**What you have to do**
Apart from the pictures, which must be omitted, restate the data exactly.

Dataset excerpt START

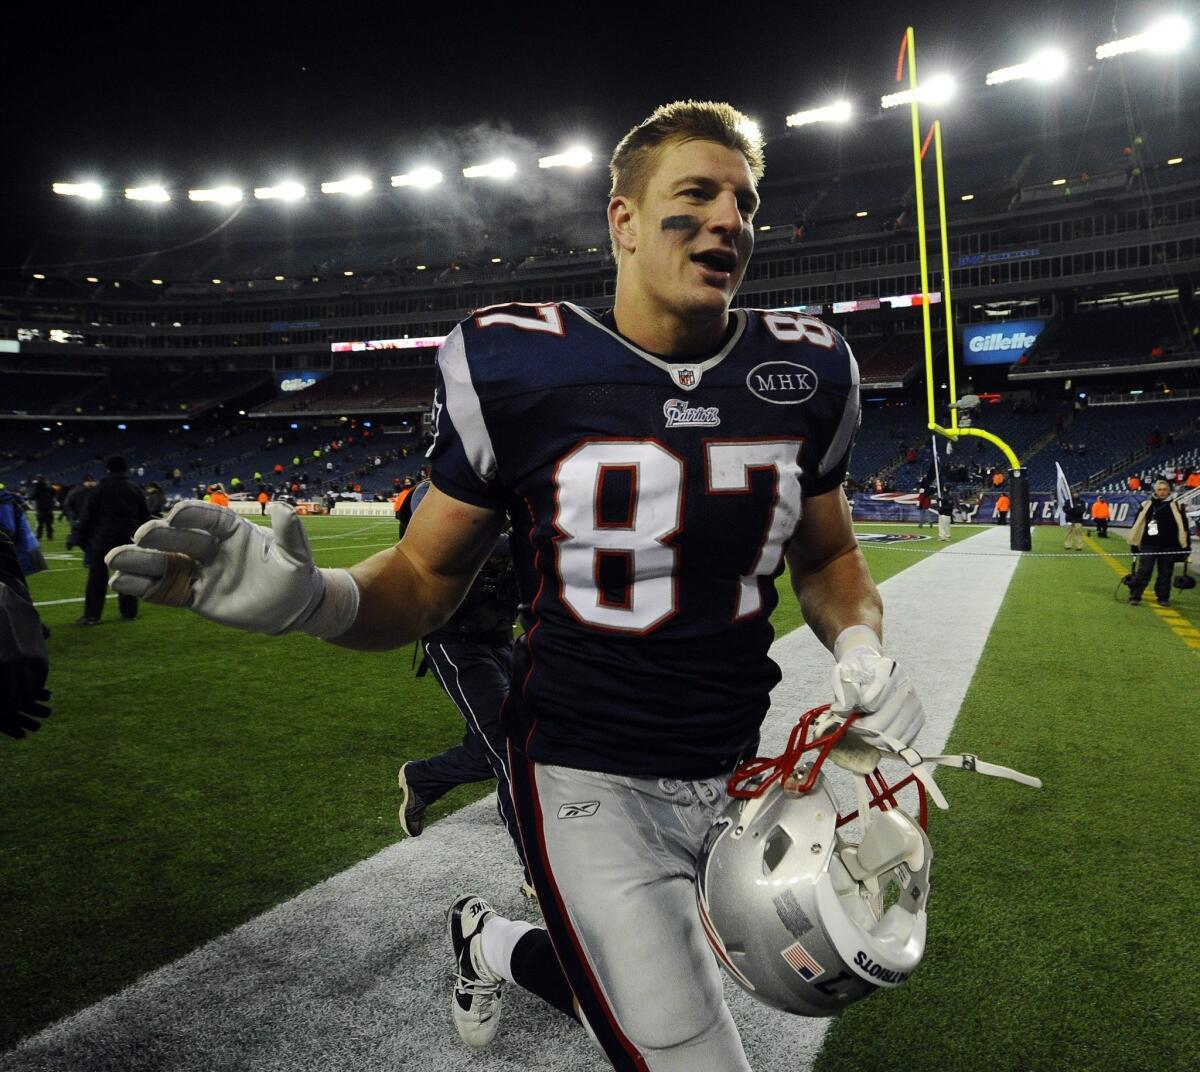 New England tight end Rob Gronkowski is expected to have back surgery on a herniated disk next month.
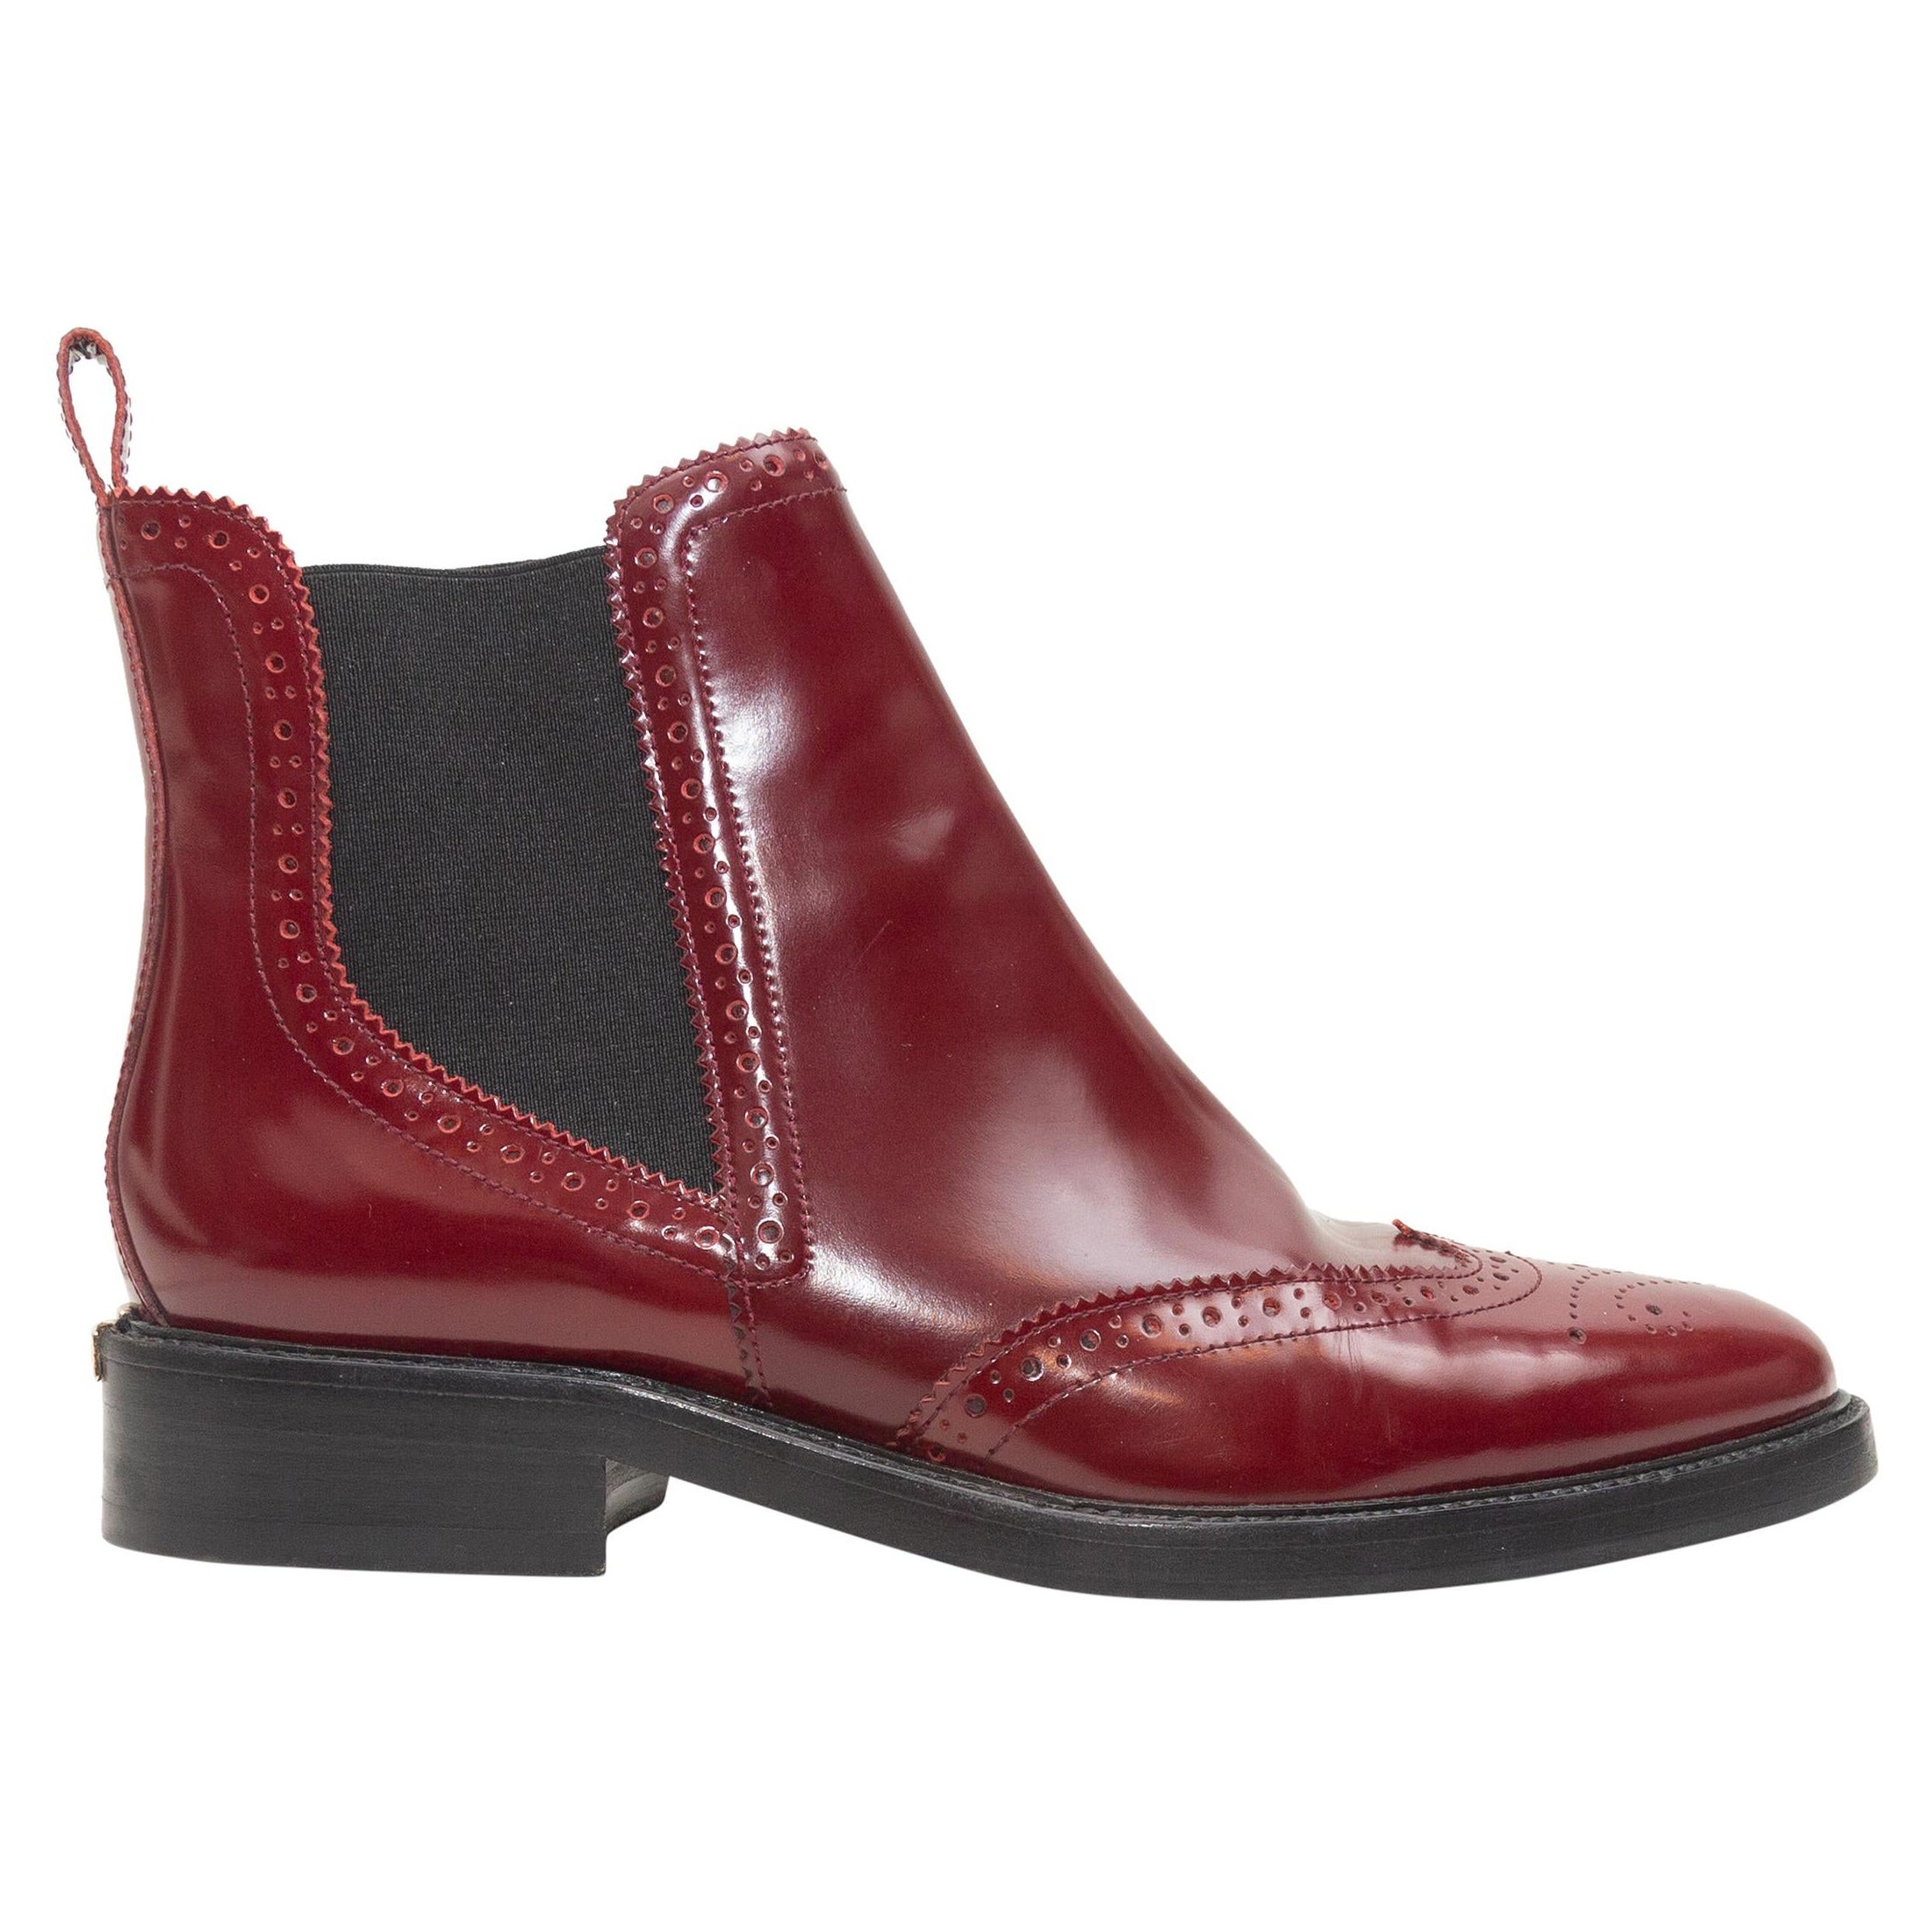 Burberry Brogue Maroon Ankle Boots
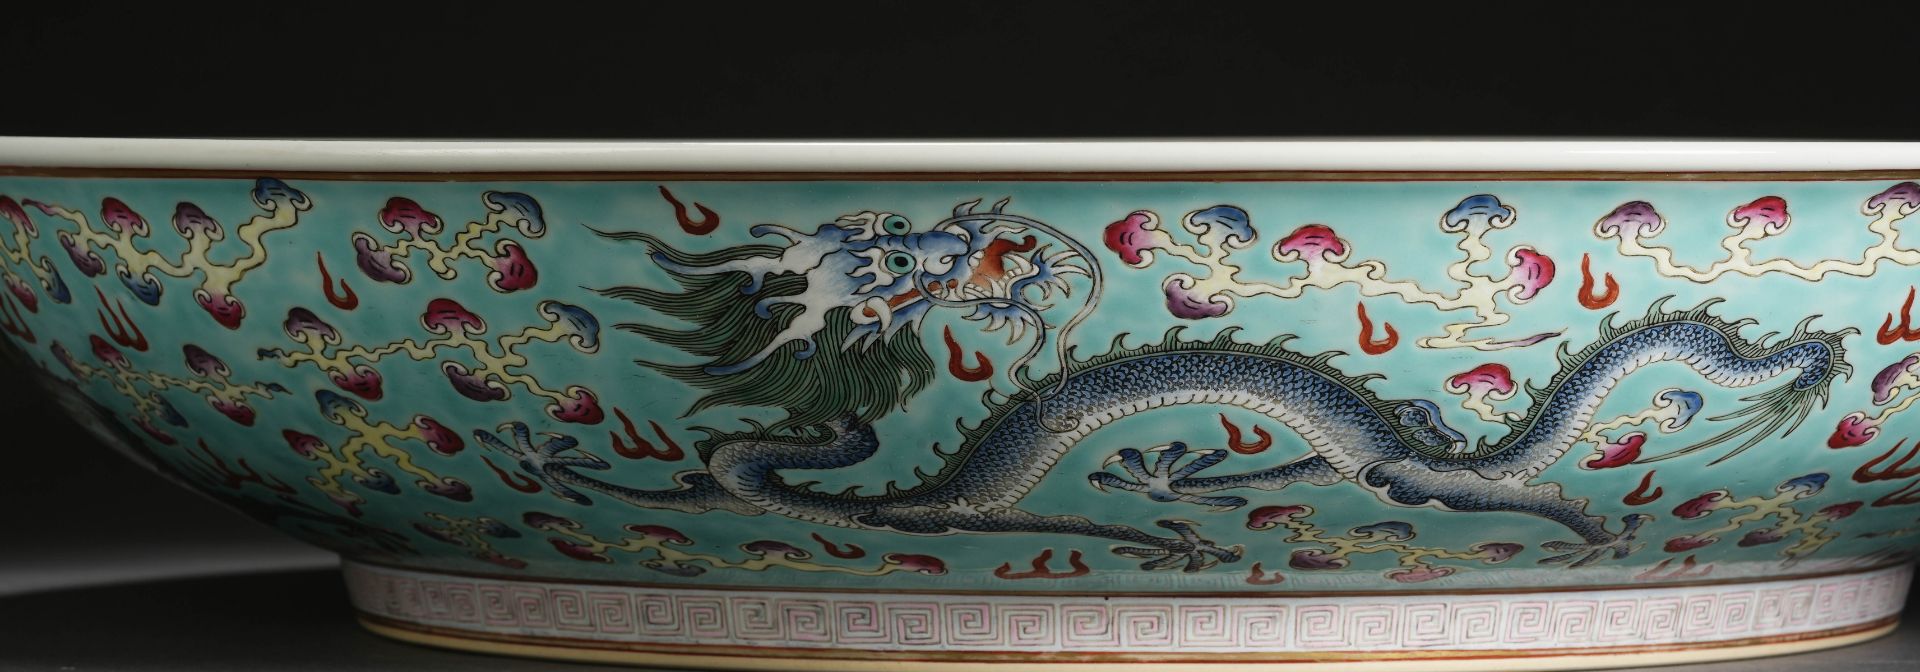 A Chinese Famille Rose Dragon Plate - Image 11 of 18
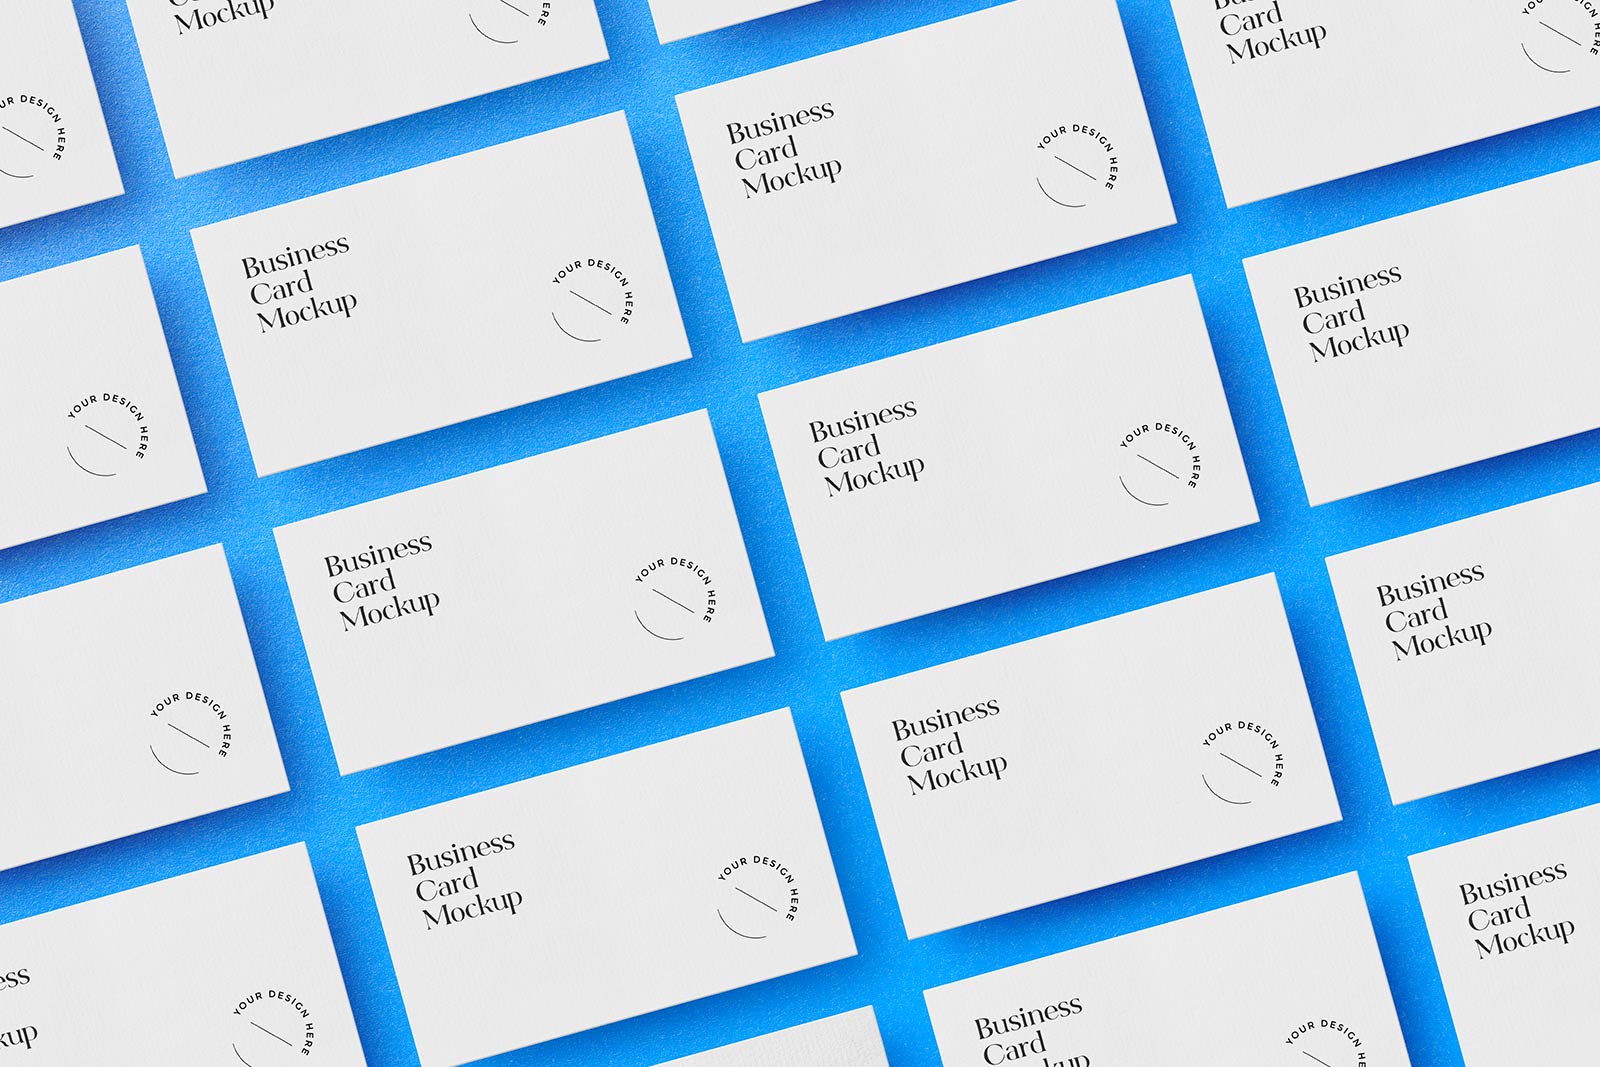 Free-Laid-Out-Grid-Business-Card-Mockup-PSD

Dataset excerpt END

**Result**
 New England tight end Rob Gronkowski is expected to have back surgery on a herniated disk next month.
 Burberry Brogue Maroon Ankle Boots
 A Chinese Famille Rose Dragon Plate - Image 11 of 18
 Free-Laid-Out-Grid-Business-Card-Mockup-PSD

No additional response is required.